We decided to skip the part where Jodie stomps on my shoes, and also the part where she chases me through the streets. We went with the Archie-comics version and she asked me out on a date last night. That was a lot less problematic, and a lot more fun.

Symphonic Metal Day

My interest in music, as those who know me would attest, is tremendous. I love so much of it, and would have no problem bouncing from some vintage Ella Fitzgerald to the complicated muck of early Yes albums to “Rock Me Amadeus” to Dr. Dre in one shuffled playlist. But metal… I don’t go in for metal. I find much of it to be dark and angry (at least in its sound), and that doesn’t interest me beyond a song or two.

I’m also not a big devotee of classical music, though I appreciate its richness and variety, and I do enjoy seeing our symphony live. But I don’t crank up the Haydn when I’m looking to blast my ears with some loud tuneage. Why on earth would I enjoy symphonic metal?

Actually, some of it was kind of interesting. “Presto” by Dutch band Epica is fraught with wild strings. I tried out Finnish band Nightwish and Therion from Sweden too. The real difference here, apart from the presence of strings and other orchestral instruments, is a stronger commitment to melody in the music. The growling metal-voice sometimes appears, but more frequently are melodic singers, even operatic singers. And due to this, you get more than simply anger, rage and frustration in the music.

The roots of symphonic metal trace back to the 80s, after metal itself had been securely established as a genre. It ties in with gothic metal in some thematic aspects, and even can be linked to the changes and complex layerings of prog rock. That’s the thing about metal – it is often played by astoundingly talented musicians at a very high level. The distortion and the perpetual veil of “musical rage” overtop the music can hide this to the casual listener, and quite often will turn the casual listener right off. But there is brilliance in there, and symphonic metal brings that musicality to the forefront. Which I like.

But I’ll still prefer to crank up some vintage Stevie Wonder instead.

Start A Rumor Day

Hey, did you hear that Sir Anthony Hopkins has been tapped to play the lead in the upcoming Hungry Hungry Hippos movie franchise? It’s live action. Not a voice-acting job – they will actually be using makeup and prosthetics to transform Sir Hopkins into the pink hippo, ever searching for more white marbles to satiate its unending hunger hunger.

There is no origin story to Start a Rumor Day. I can’t find any site that speaks of it, apart from a handful that casually drop the reality that it exists on November 13 every year. So is it a real celebration or just a rumor?

I don’t know, nor do I care. I just want to see Sir Anthony Hopkins in this role.

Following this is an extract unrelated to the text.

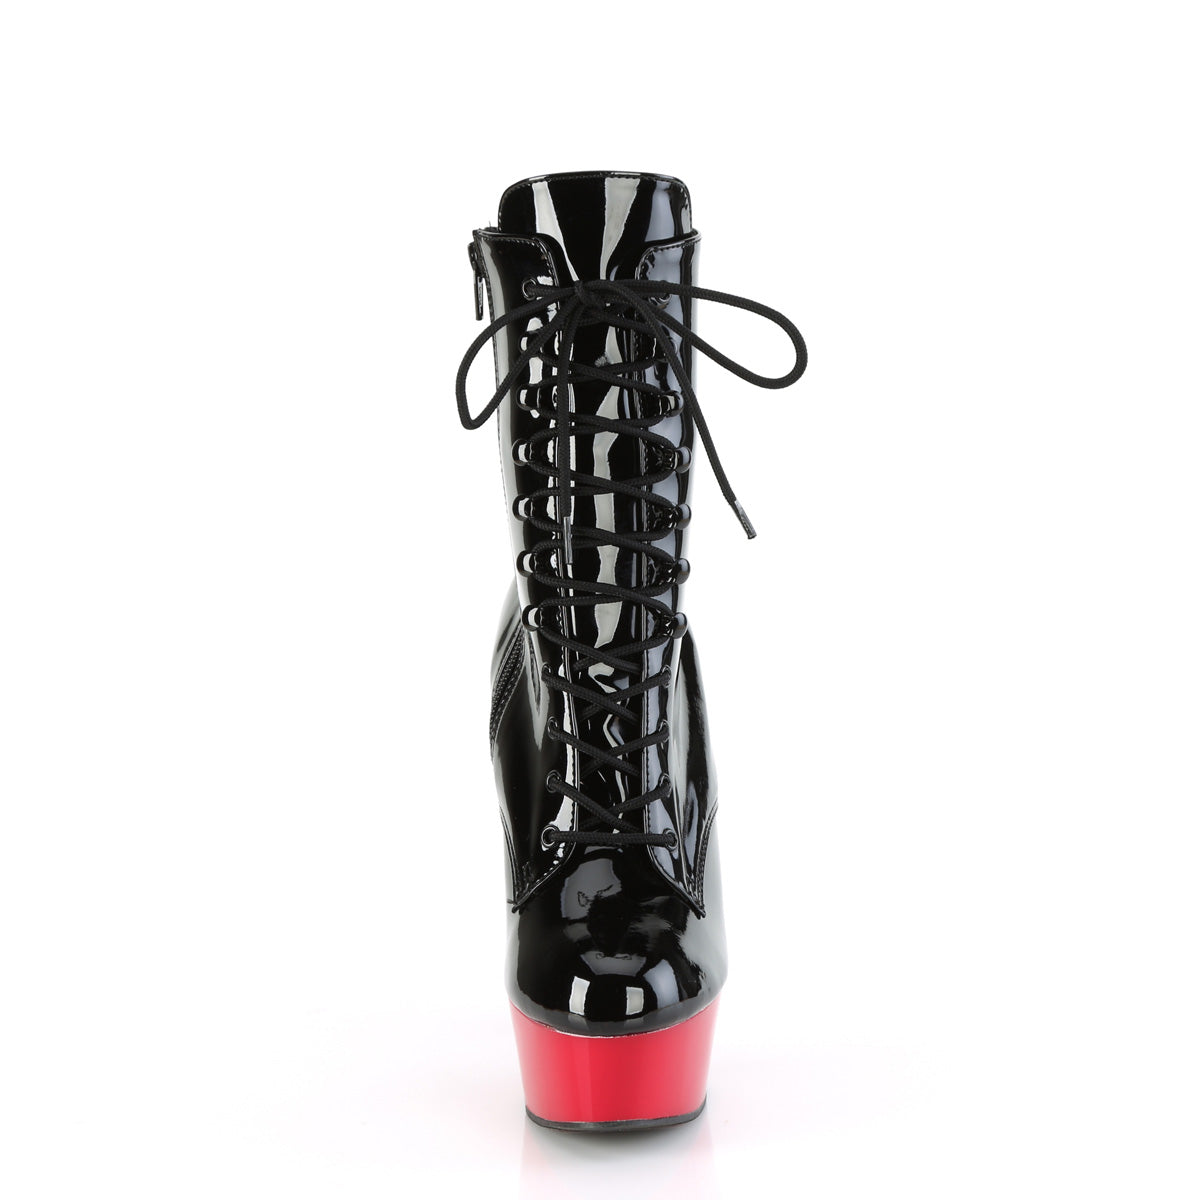 6 Inch Heel DELIGHT-1020 Black Patent Red

After today we will have only six Saturdays left in this project. Somehow that just made me smile so much it kind of hurts. Here’s what’s up for today:

  • National Pickle Day. We used to have a dog named Pickle. Doesn’t really mean much, but that’s something.
  • National Spicy Guacamole Day. Nice. Spice and avocado were meant for one another.
  • Loosen Up, Lighten Up Day. No getting all kvetchy with folks today – got to keep things fluffy.
  • National Block It Out Day. I guess this is the secret to loosing and/or lightening up – to block out all the crap.
  • National American Teddy Bear Day. We have commemorated the teddy bear at least twice in the last month or so.
  • National Family PJ Day. I spend most days in pajamas, so this should be easy.
  • National Seat Belt Day. We will be leaving the house today, so we’ll wear seat belts. Won’t that be a novelty.